He was born in Cumbernauld, Scotland. Early in his life, Gibb had shown a natural aptitude for drawing and painting that was encouraged by his family. By 1849 he was receiving tuition in the studio of John McKenzie of Greenock, Scotland. His first wife was Agnes Crighton whom he married in 1852. Agnes died in 1855 during childbirth. He married for a second time, to Marion Menzies, his cousin in 1857. The River Clyde and the environs of the Firth of Clyde were the focus of Gibb's paintings during the 1850s, 60s and early 70s. In 1861 he began exhibiting at the Royal Scottish Academy. Gibb settled in the village of Innellan, near Dunoon on the Firth of Clyde, briefly moving to Alnwick in Northumberland around 1865. Gibb had returned to Innellan by 1868, the year he began exhibiting at the more progressive Royal Glasgow Institute of the Fine Arts.

The Gibbs had the heartbreak of 3 daughters dying of scarlet fever in 1873. Gibb emigrated from Scotland to New Zealand in 1876 with his wife (died 27 May 1891), and four sons. They travelled on the vessel Merope and arrived in Canterbury in September, 1876.

Gibb had purchased a block of land on the corner of Barbadoes and Worcester Streets, Christchurch and he built three houses on the site.
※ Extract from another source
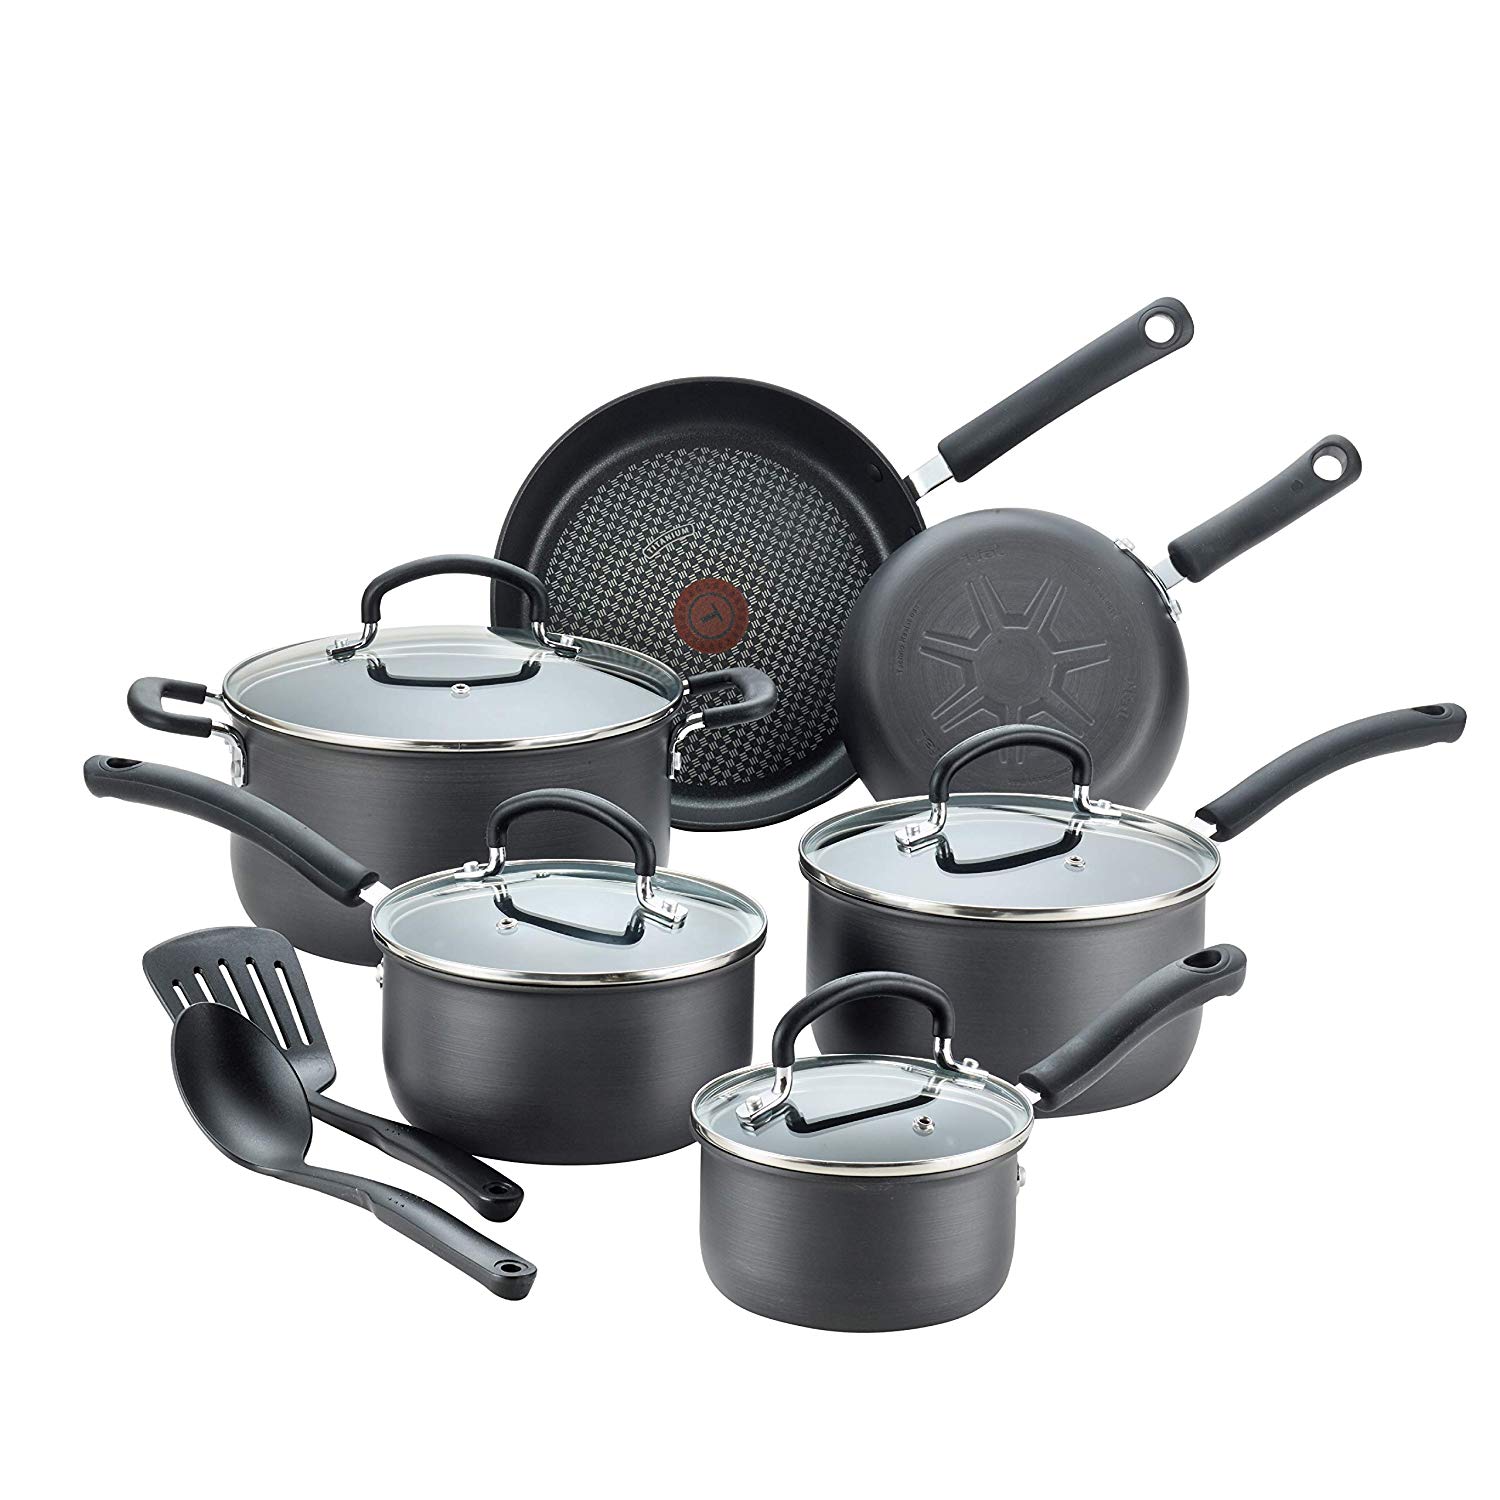 T-fal E765SC Ultimate Hard Anodized Nonstick 12 Piece Cookware Set, Dishwasher Safe Pots and

The house known as Gibb's Cottage may have been built originally as a studio as the family initially lived in one of the other two houses which Gibb had named Merkland Villa after his home Merkland Cottage in Kirkintilloch, Scotland. However Gibb spent his later years living in Gibb Cottage and tending his large vegetable garden.

Within three months of his arrival in Christchurch, Gibbs had set up his studio and had begun to take on students. Gibb followed the academic practice of sketching the landscape and gathering information which was later worked up in the studio with intense attention to detail. In later years, as a keen photographer, he regularly used his half-plate camera to good effect as an aide memoire.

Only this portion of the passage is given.